OBJECTIVES: Rare conditions affect fewer than one in every 2,000 people. There are an estimated 7,000 different conditions and, owing to their rarity, people living with rare diseases face challenges with the health and care system, and with wider public services. One in 17 people are affected by a rare condition at some stage in their lifetime: in the UK alone, this amounts to over 3.5 million people.

The UK government and devolved administrations published the UK Rare Diseases Framework in January 2021, setting out a shared vision for addressing health inequalities and improving the lives of people living with rare diseases. This included a priority to “improving access to specialist care, treatments and drugs”. The aim of this poster is to map the current mechanisms available in the UK to address UK rare disease challenges and answer the question ‘does the UK go far enough for rare diseases?’.
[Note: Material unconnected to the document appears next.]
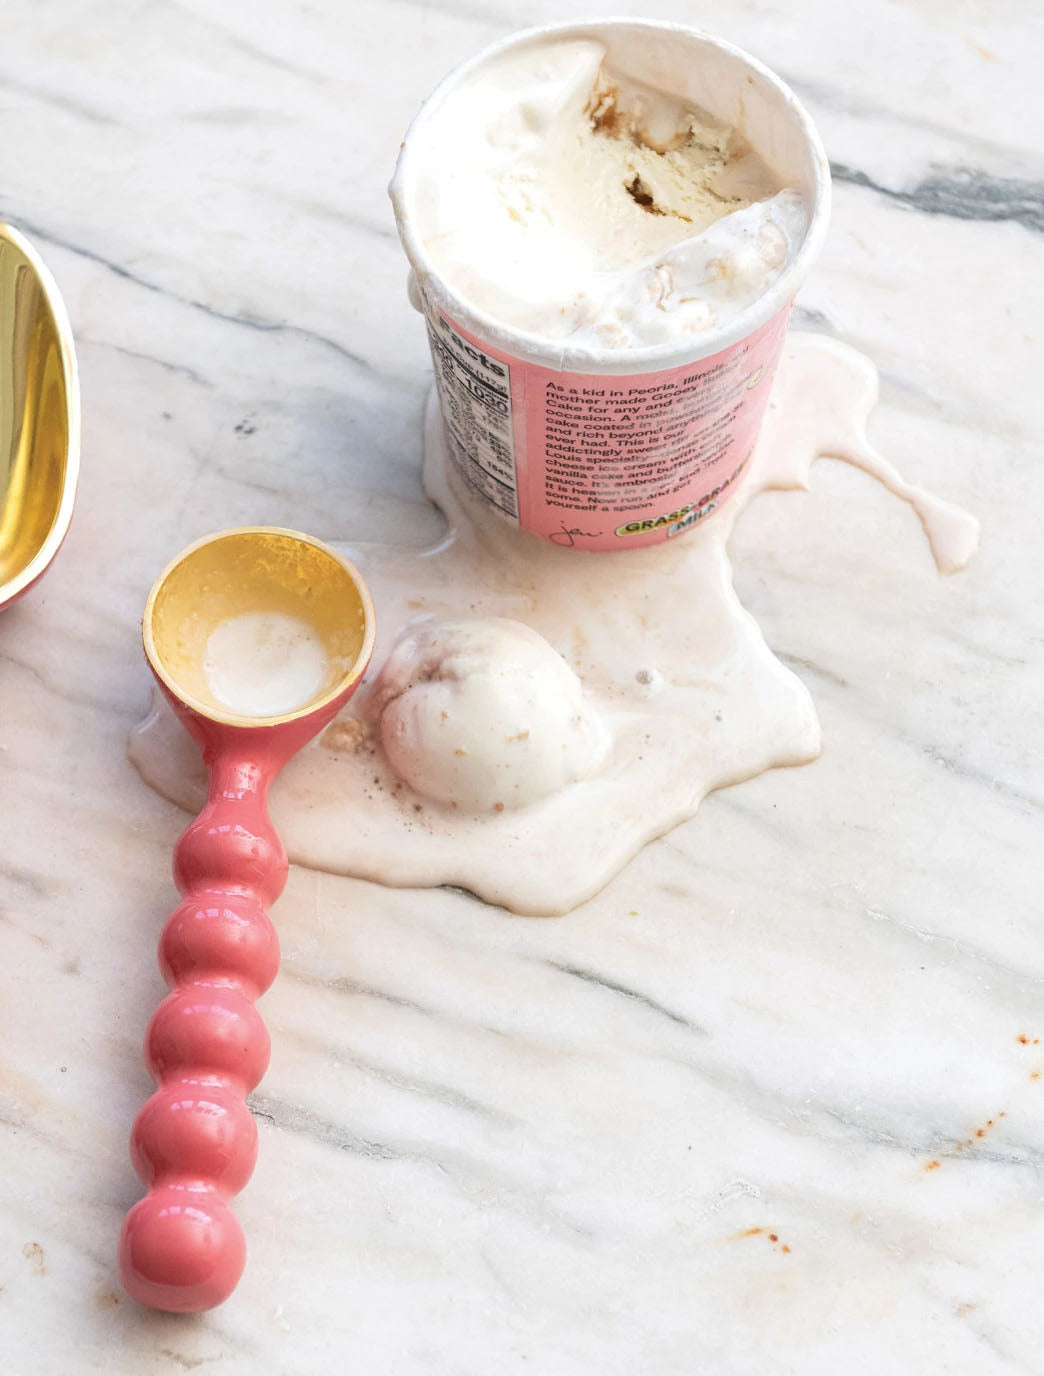 Pink Enameled Ice Cream Scoop

METHODS: Previous challenges for rare diseases in HTA were identified as part of an ISPOR international working group. The UK access landscape was evaluated against two topline HTA issues; no tailored HTA method for rare diseases and uncertainties for HTA authorities.

RESULTS: A number of mechanisms are available in the UK to help address rare disease challenges. However, not all challenges are adequately addressed

CONCLUSIONS: Rare diseases face significant challenges within the UK. Current mechanisms, processes and methods to fairly reflect societal preference for rare diseases have so far fallen short. The UK system continues to adapt and look at ways to partner with industry to tackle these issues with the aim of being ‘open to business’. However, politicians at the highest levels need to decide if the UK wishes to attract companies to invest, or to become a fourth launch region behind the US, EU and Japan.